Мы могли бы еще увеличить число таких картин, чтобы лишний раз убедиться: история человеческая едина в своем обновлении на протяжении тысячелетий и в своих топтаниях на месте, синхрония и диахрония неразрывно связаны друг с другом. «Земледельческая революция» совершалась не только в нескольких избранных очагах, вроде Ближнего Востока в VII или VIII тысячелетиях до н. э. Ей нужно было распространиться, и продвижение ее осуществилось далеко не разом. Опыт человечества располагался вдоль одного и того же бесконечного пути, но с интервалами в столетия. Не изжил еще всех мотыжных земледельцев и сегодняшний мир. И еще живут тут и там немногочисленные первобытные люди, защищенные негостеприимными землями, которые служат им убежищем.

Пшеница, рис, маис, эта основная для большинства людей пища представляет еще сравнительно простую проблему. Но все усложняется, как только обращаешься к менее обычным видам пищи (и даже к мясу), а затем к разнообразным потребностям — одежде, жилищу. Ибо в этих областях всегда сосуществуют и беспрестанно друг другу противостоят необходимое и излишнее.

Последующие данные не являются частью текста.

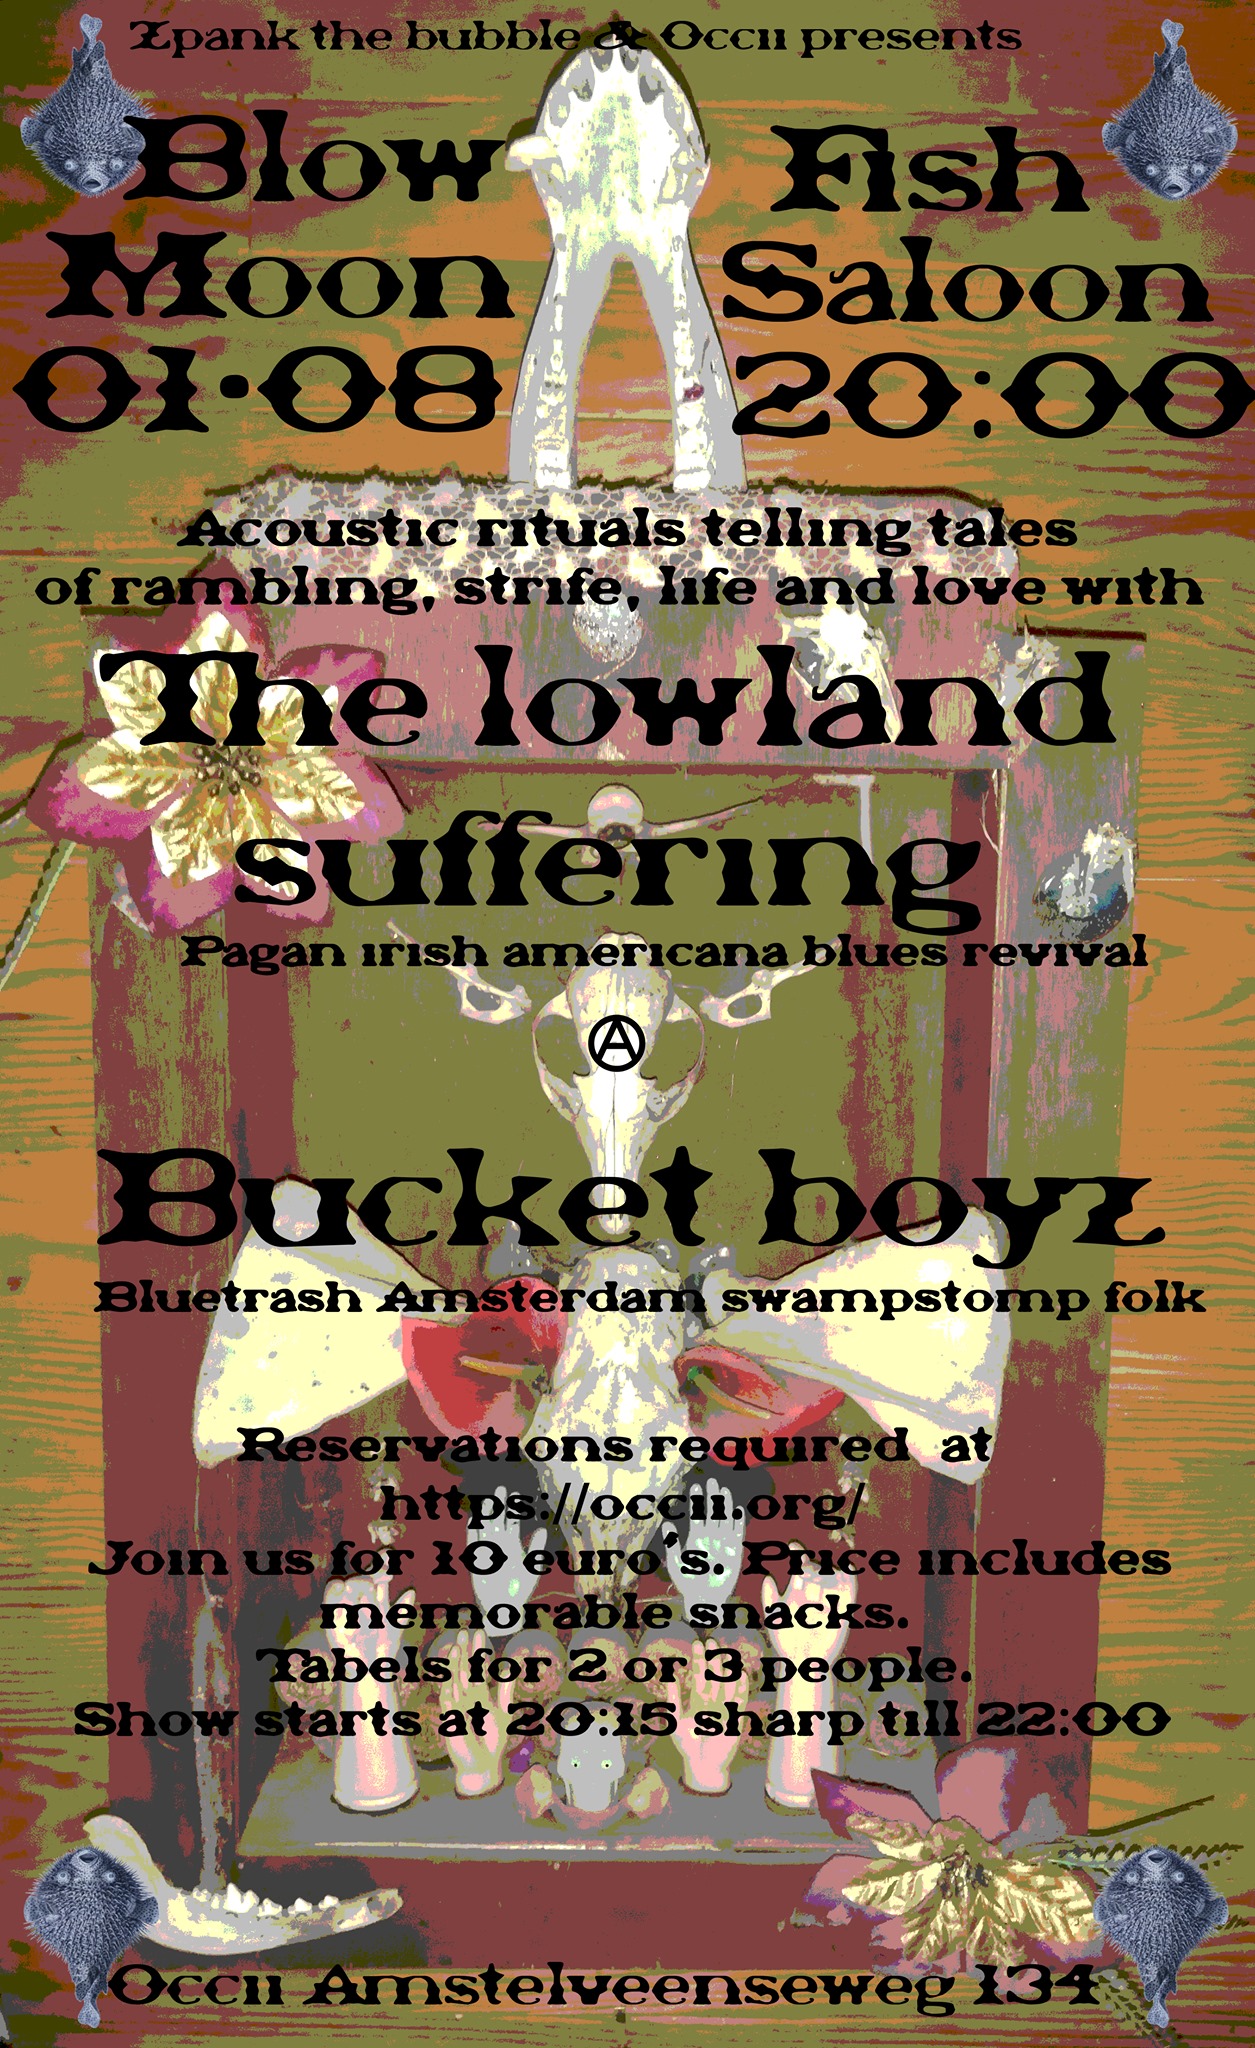 !SOLD OUT! THE LOWLAND SUFFERING + THE BUCKET BOYZ

Может проблема предстанет более ясной, если с самого начала будут разграничены решения для большинства — пища для всех, жилище для всех, костюм для всех — и решения для меньшинства, служащие на пользу привилегированным, несущие печать роскоши. Отвести подобающие места средним показателям и исключениям означает принять необходимый диалектический подход, явно не простой. Это означает обречь себя на движение то в одном, то в противоположном направлении, от черного к белому, от белого к черному и так далее, ибо распределение никогда не бывает безупречным: невозможно раз и навсегда определить роскошь — изменчивую по природе, ускользающую, многоликую и противоречивую.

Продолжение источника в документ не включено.